All of the data, word for word and free of pictures, is the expected result.

[DATASET SECTION]
=== Section Start ===

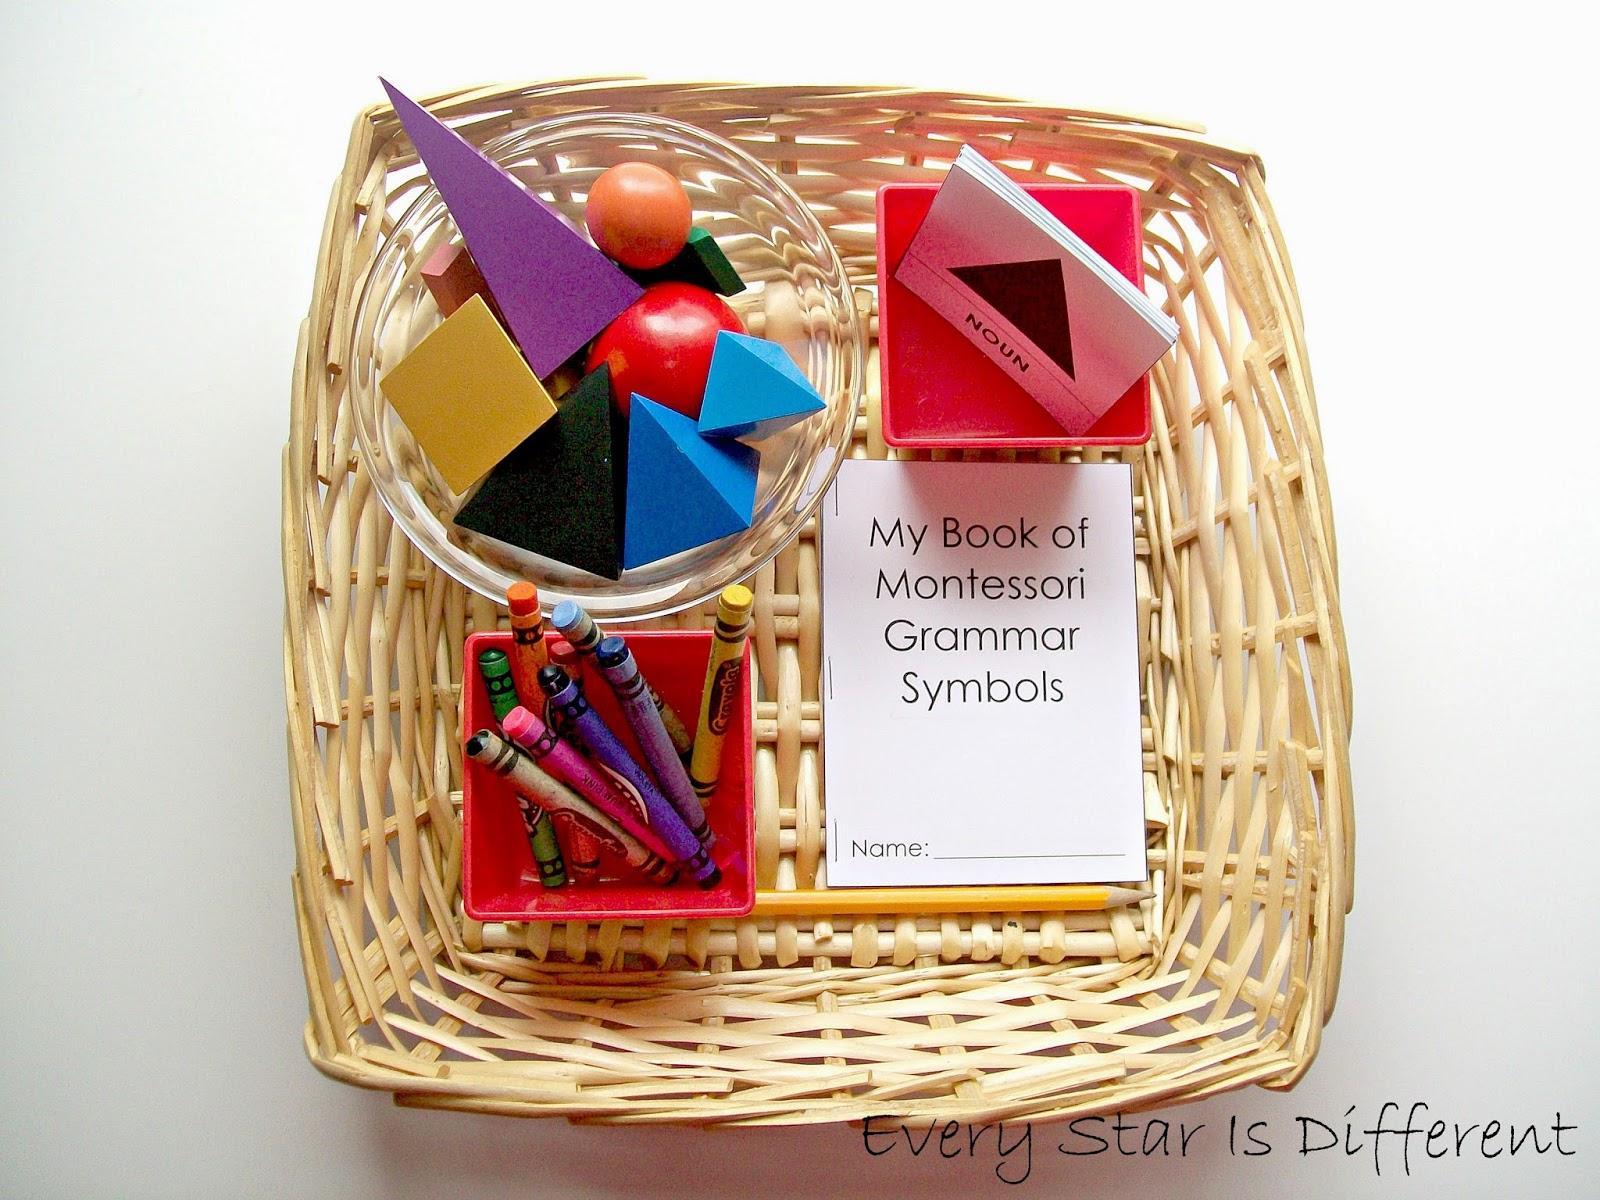 Montessori-inspired Grammar Activities - Every Star Is
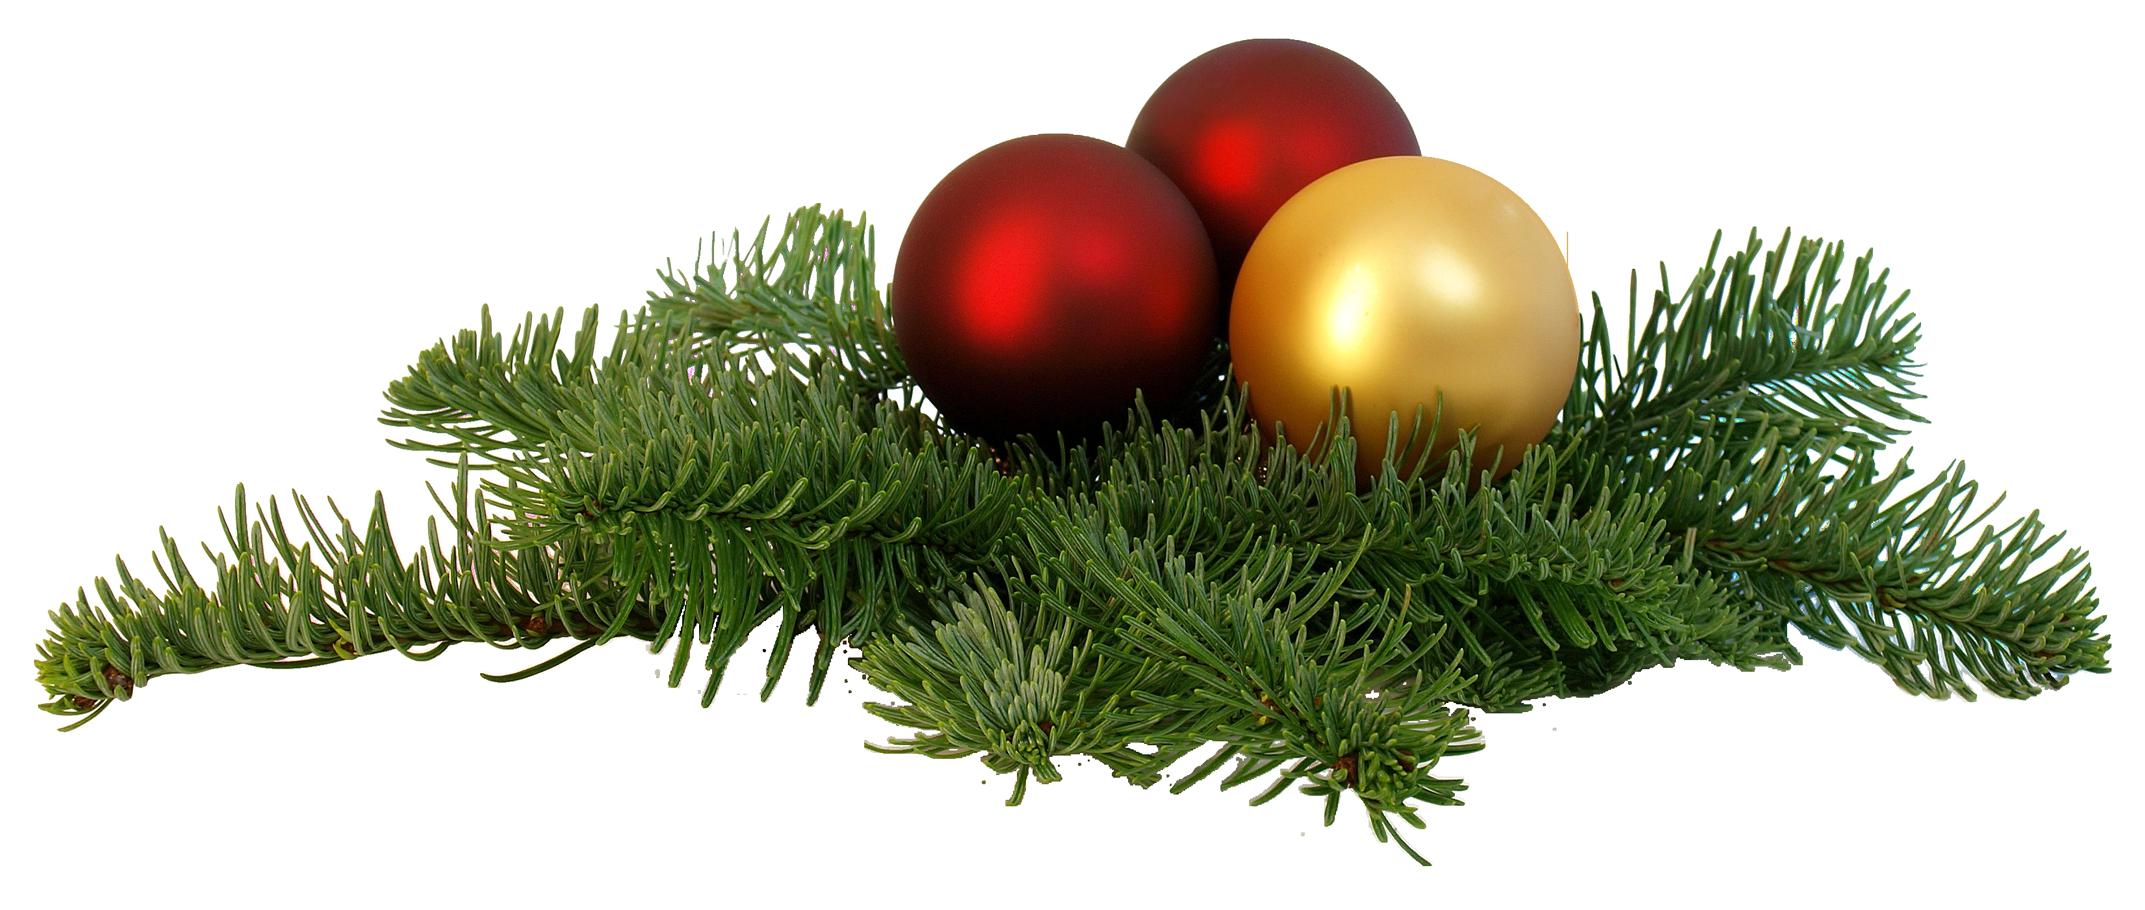 Christmas Branch Png.Christmas Branch Png Image Purepng Free Transparent Cc0
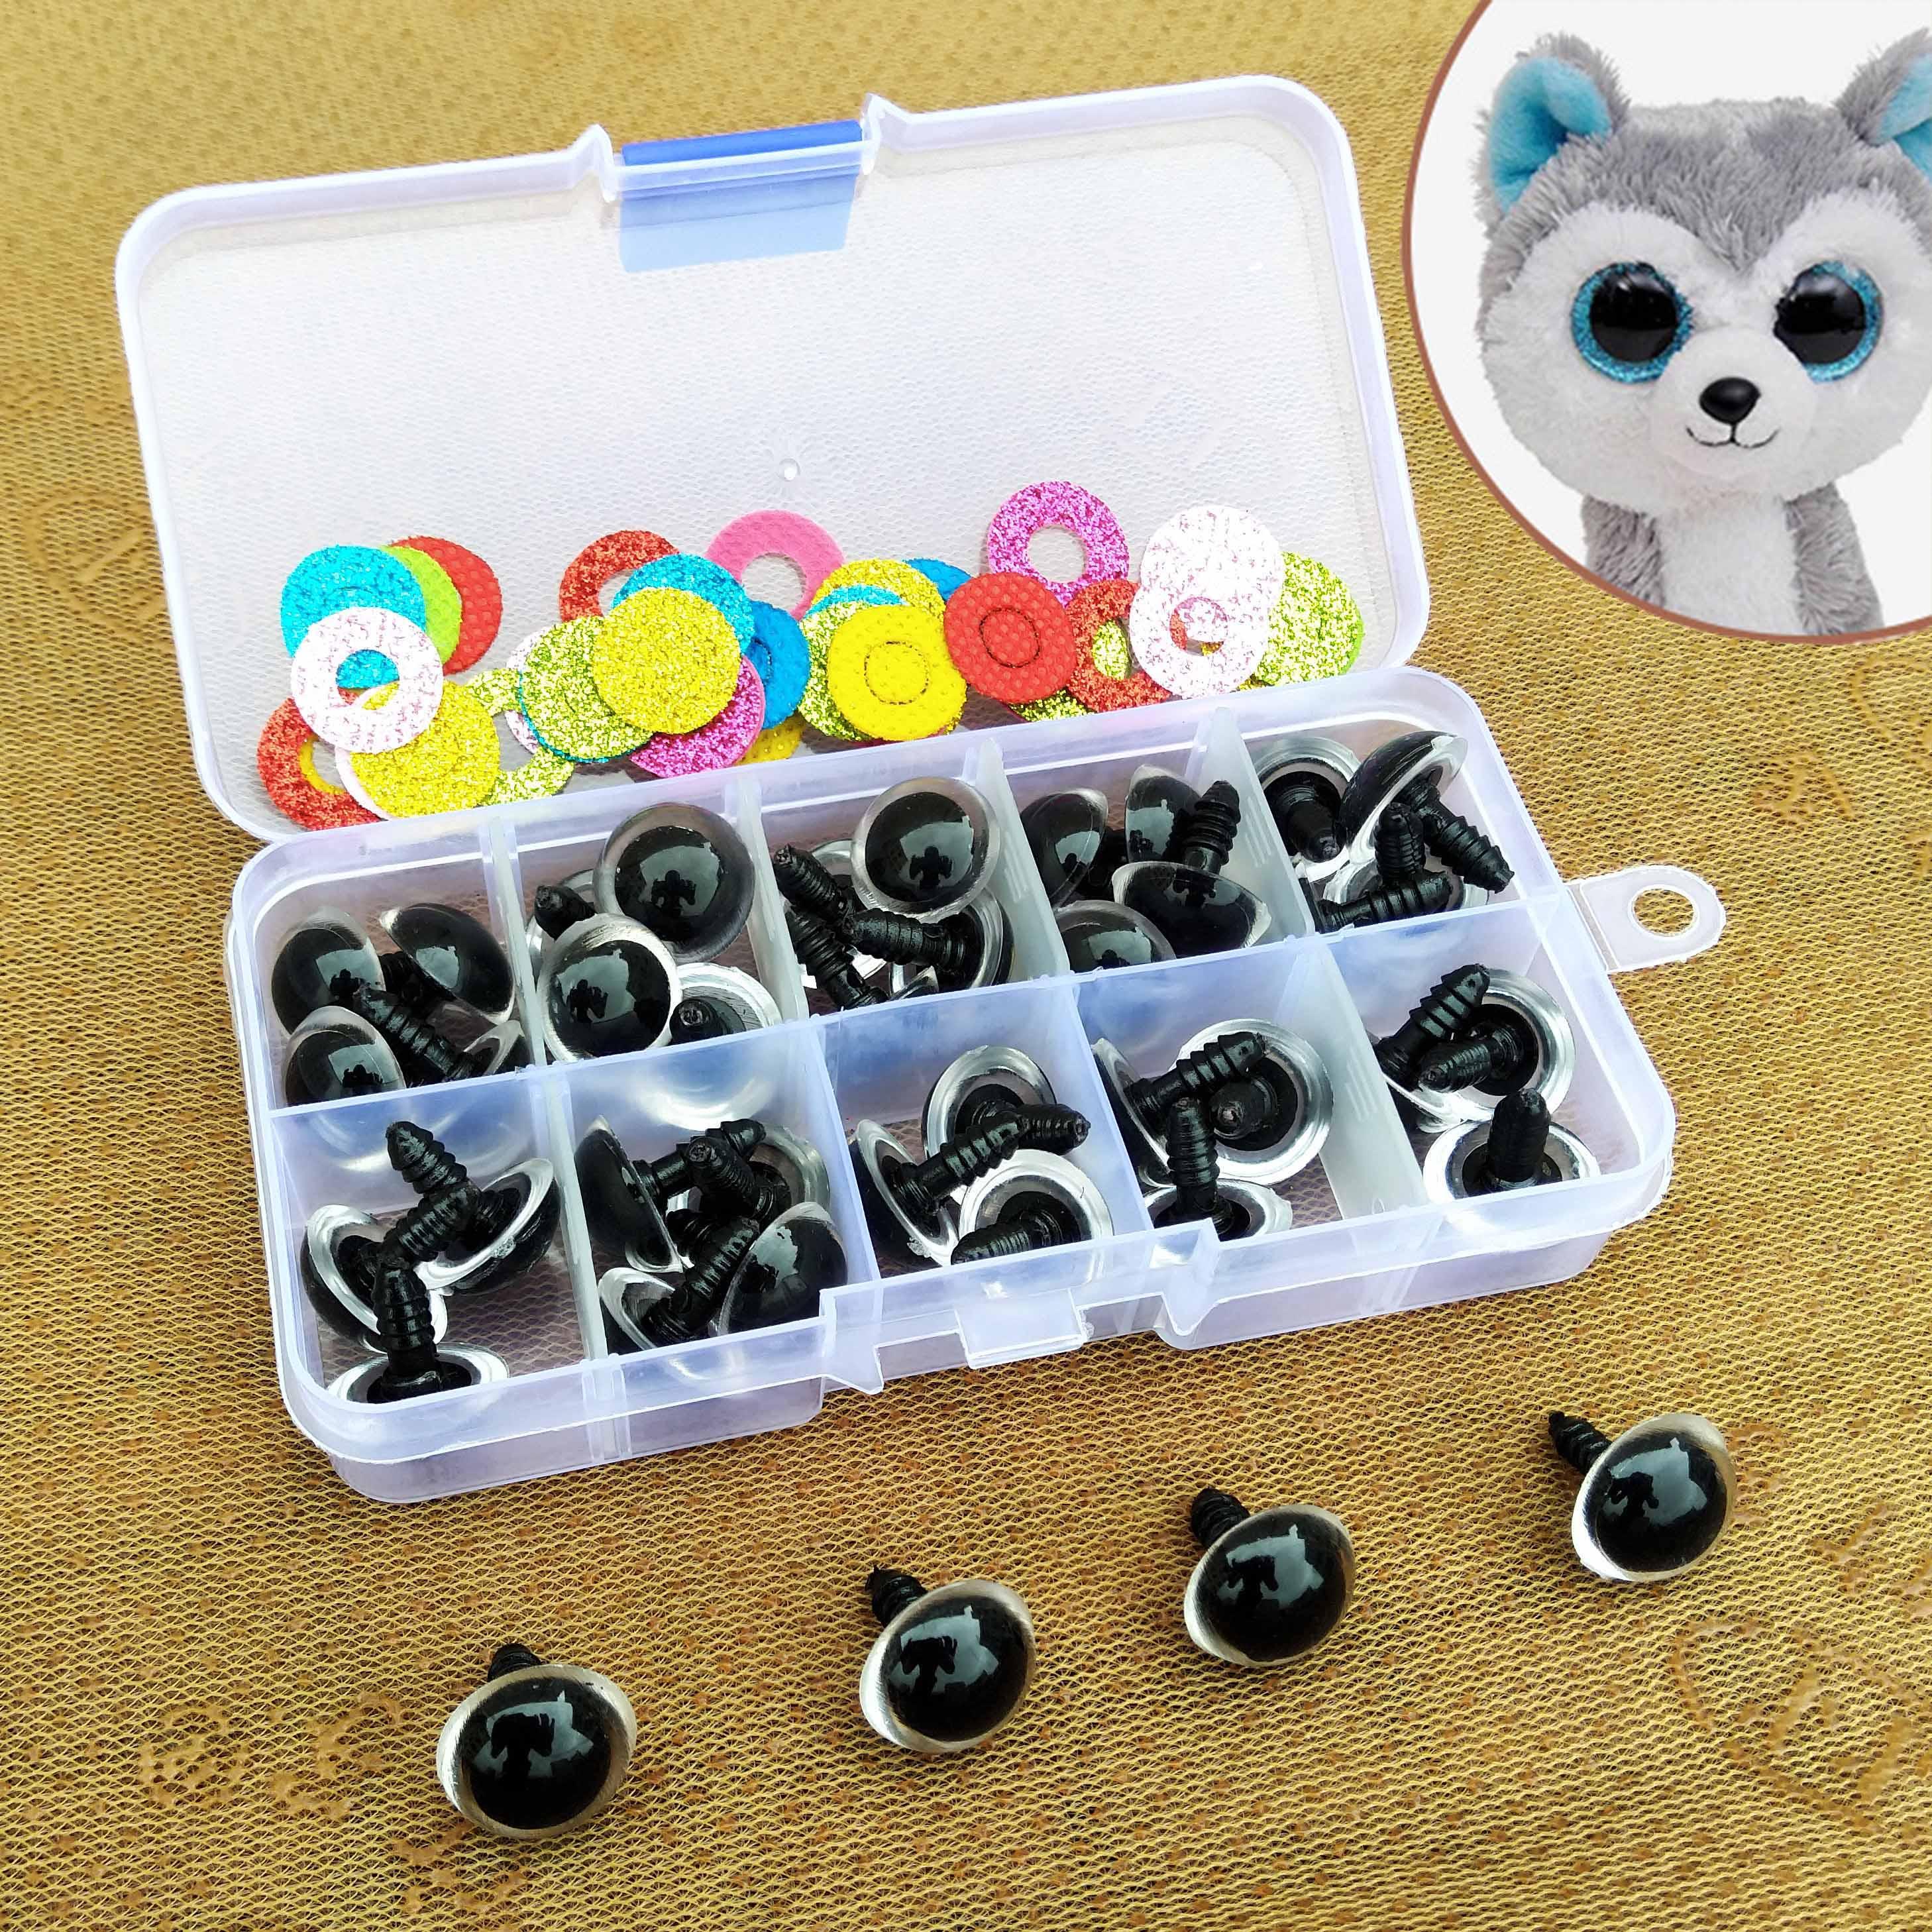 16mm Safety Plastic Colorful Doll Eyes For Toy Crochet Stuffed Animals Dolls Crafty Amigurumi Eyes For Toy Plush Accessories

=== Section End ===

[RESPONSE BELOW]
 Montessori-inspired Grammar Activities - Every Star Is
 Christmas Branch Png.Christmas Branch Png Image Purepng Free Transparent Cc0
 16mm Safety Plastic Colorful Doll Eyes For Toy Crochet Stuffed Animals Dolls Crafty Amigurumi Eyes For Toy Plush Accessories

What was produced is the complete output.